I already have an idea on how to file. The guidebook I am using is from a U.S. District Court. I am not stupid, I will figure it out as I go along. I just need to get started. I have a case, I just can't afford an Attorney. One way or another, the asset will be sold. If I default on my debts, my creditors will take it. I have nothing to lose by doing this, you see?
How did you walk away? You still own the interest in the LLC. Why did you walk away? Who is the managing member? Are you friends with this person?
We need more information.
I walked away because I was having problems with another member. It could not be resolved peacefully, I tried. I cannot divulge more than that. It doesn't matter anyway, I followed the law perfectly when I withdrew as I had an attorney at that time who basically did it for me. I was not in any breach of contract as the operating agreement was adhered to completely for this situation.
My husband has been approached asking if he would become a business partner with someone else - he always says "no". Sell out, maybe, but never take on a partner.
The only thing to settle is the purchase of my interest by the remaining members of the LLC. What I need to know is which court do I file the complaint in? That's it. That was my only question.
Would you accept a value determined by an arbitration panel ?
If so, would your former partners also agree ?
Arbitration would be a low cost solution and binding.
I don't have issues but with one of the members. The remaining members have their own reasons for not wanting to pay me what it's worth, but other than that, they loved operating the business with me in the capacity I was in.
I have a different job, already. The job market here stinks. It doesn't pay me as much or even what I worth when I'm doing it. The job market is a very difficult place to be in. People who have been in their jobs for awhile, don't understand or have forgotten what it's like because their lives are comfortable now.
It's not an issue of being stupid. I've dealt with a lot of legal matters over the years, and I can assure you that the law is absolutely designed to prevent people from doing it themselves.
If you've got a good case, you can find an attorney who will work for a piece of what you get.
I would urge you to find a lawyer. If you don't know what court to file in, you've got an uphill battle that you will likely lose.
That said, your LLC was likely created through your state secretary of state's office ... it's a state issue, not a federal issue, I would suspect.
How does that work, and if it is binding, how so? I would be open to anything right now. Thanks.
Food for though, definitely. Thanks.

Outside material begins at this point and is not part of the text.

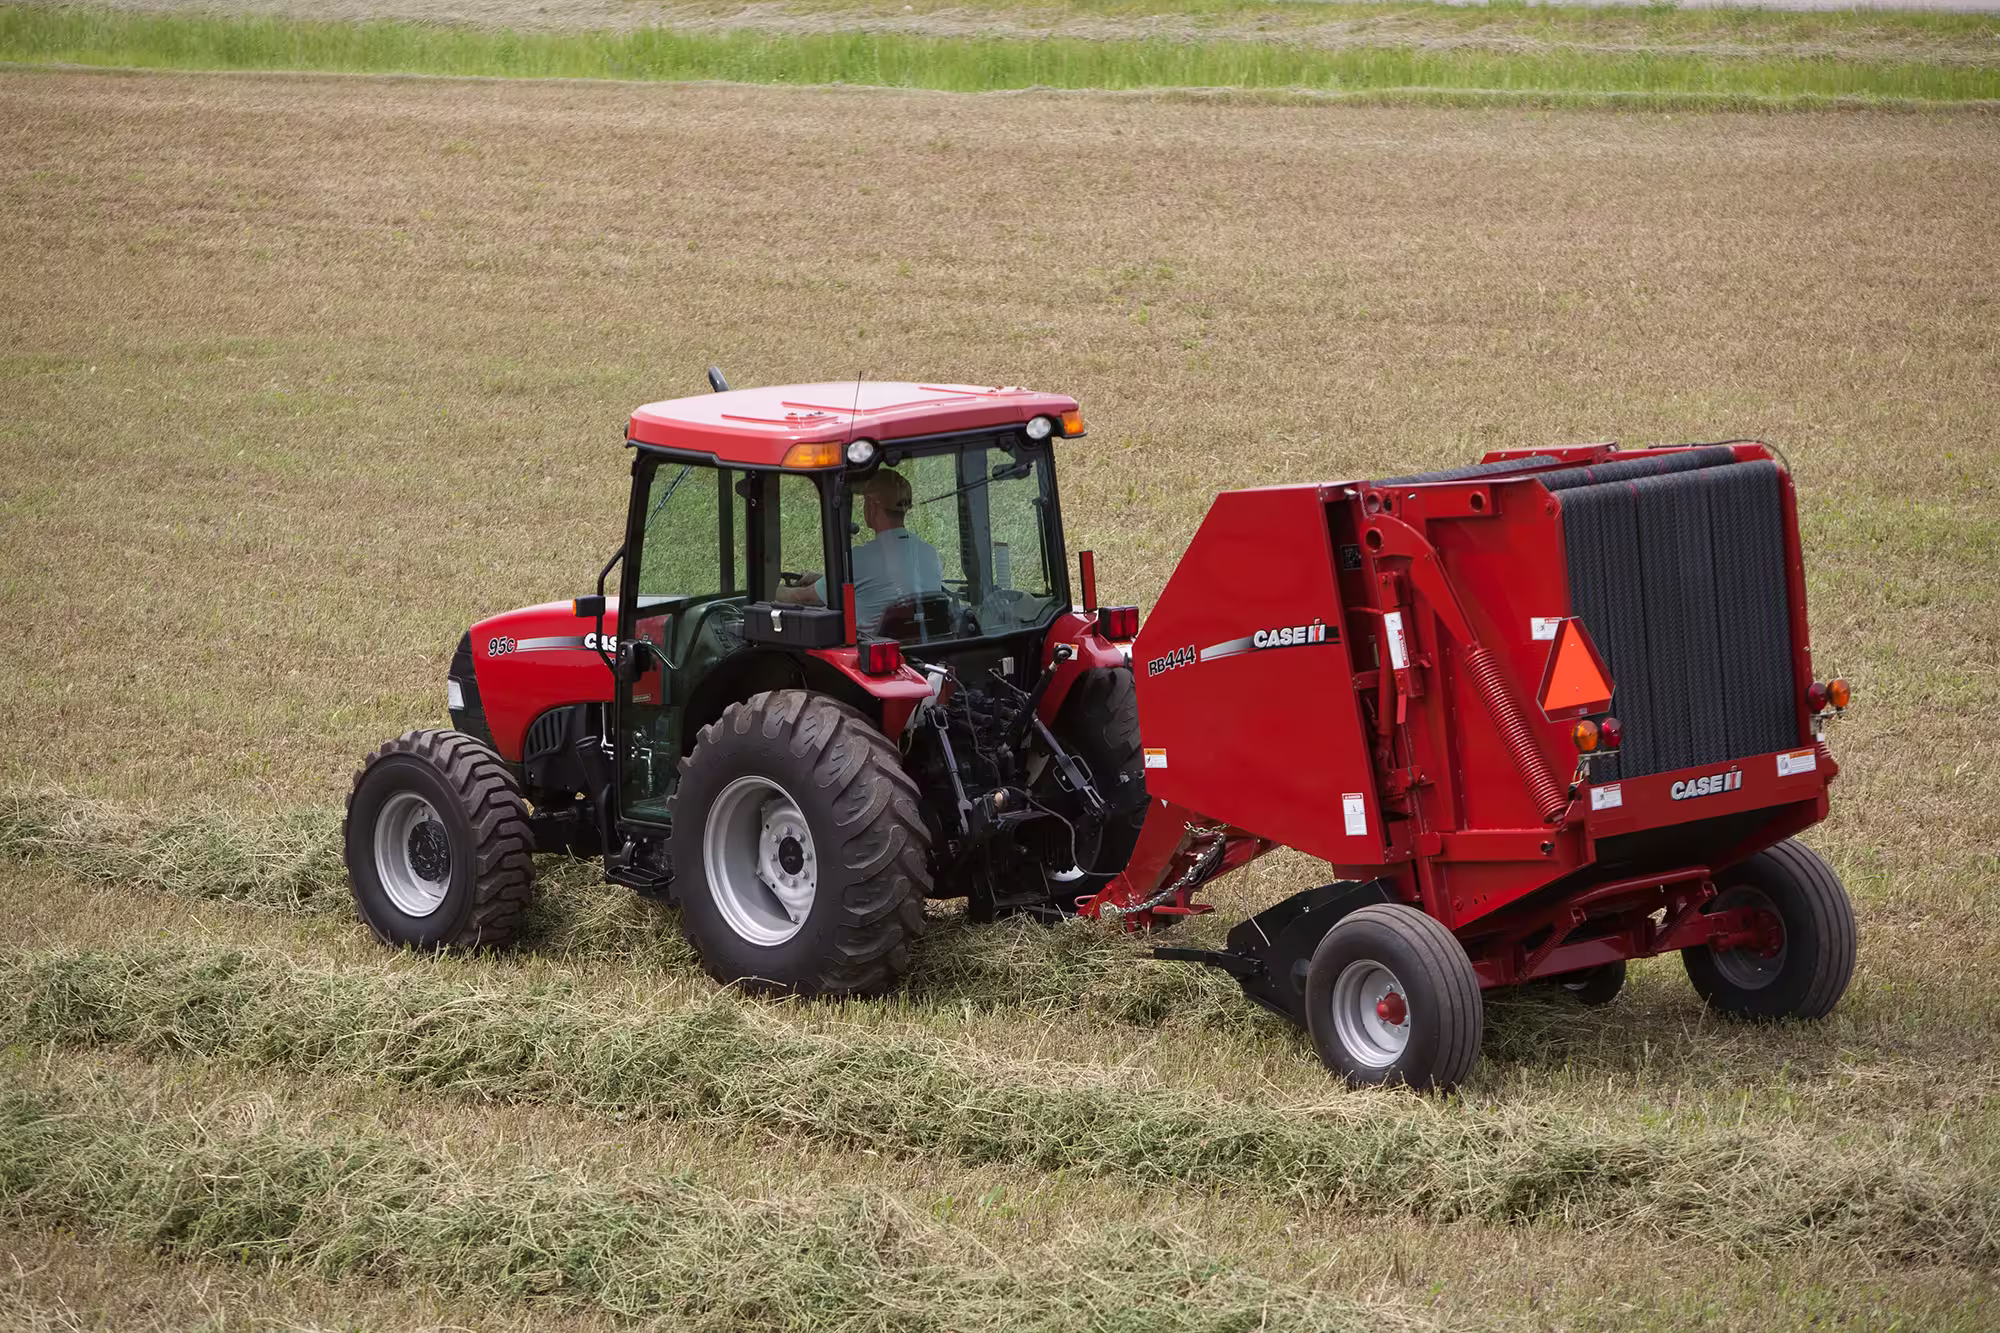 PARTS MANUAL - CASE IH RB444 VARIABLE CHAMBER ROUND BALER DOWNLOAD

Nice post, I appreciate it.
Not sure what city your in but, there are arbitration groups all over the place.
Generally, they pull together 3 people, two that are in a similar industry and the third from outside. They have the authority, because you agree ahead of time, to make their ruling final and binding.
They doing a search on the net. If that doesn't work I'd start calling attorneys and ask them.
BTW, what type of business is this ?
I am not a lawyer, but .... you might look for an attorney who'd be willing to review the case and, if s/he found it a meritorious claim, agree to take it on a contingency basis ... if you win s/he gets 1/3 (or whatever you agree to), as in personal injury cases. Or, there are a few statutes that require the losing party to pay the winning party's legal fees and costs. I doubt that would apply here from the little info provided.
However, even in contingency cases, the client usually has to pay expenses ... regular administrative things like copies and postage/messengers, etc., don't come to that much, but depositions and expert witness fees are steep. You will need economic experts to determine the market value of your share of the LLC.
Your former partners would likewise have to hire an attorney or attorneys and face all the court costs and expert fees ... so it would be in their best interest to discuss buying you out at a reasonable, mutually agreeable cost. Litigation can take years and just wears out everyone's resources. It should be avoided if at all possible.
I would be hesitant to proceed pro se, but if that's your only option, you can find the Rules of any US District Court online. Same for most local courts.
I think US courts require a minimum value to the case of $75K. The filing fee is steeper than most local courts, around $350 or $450 (can't remember.
Think long and hard about this (within your statute of limitations) because you might be better off taking this loss and just getting on with your life. If you are young, especially, you can rebuild your life and credit in time. Probably in less time than it would take to litigate.
Good luck.
Waste Disposal Company.
Thank you.
I will start out by saying I don't know anything about this.
But...
It would seem to me you can't force your "partners" to buy you out unless they want to. It would also seem that it would be your obligation to find a third party to buy you out and replace you in the LLC - not your partners.
I think what needs to happen is to force the other members to abide by the LLC buyout and valuation clause that has already been established.
I do believe an arbitration panel can do this.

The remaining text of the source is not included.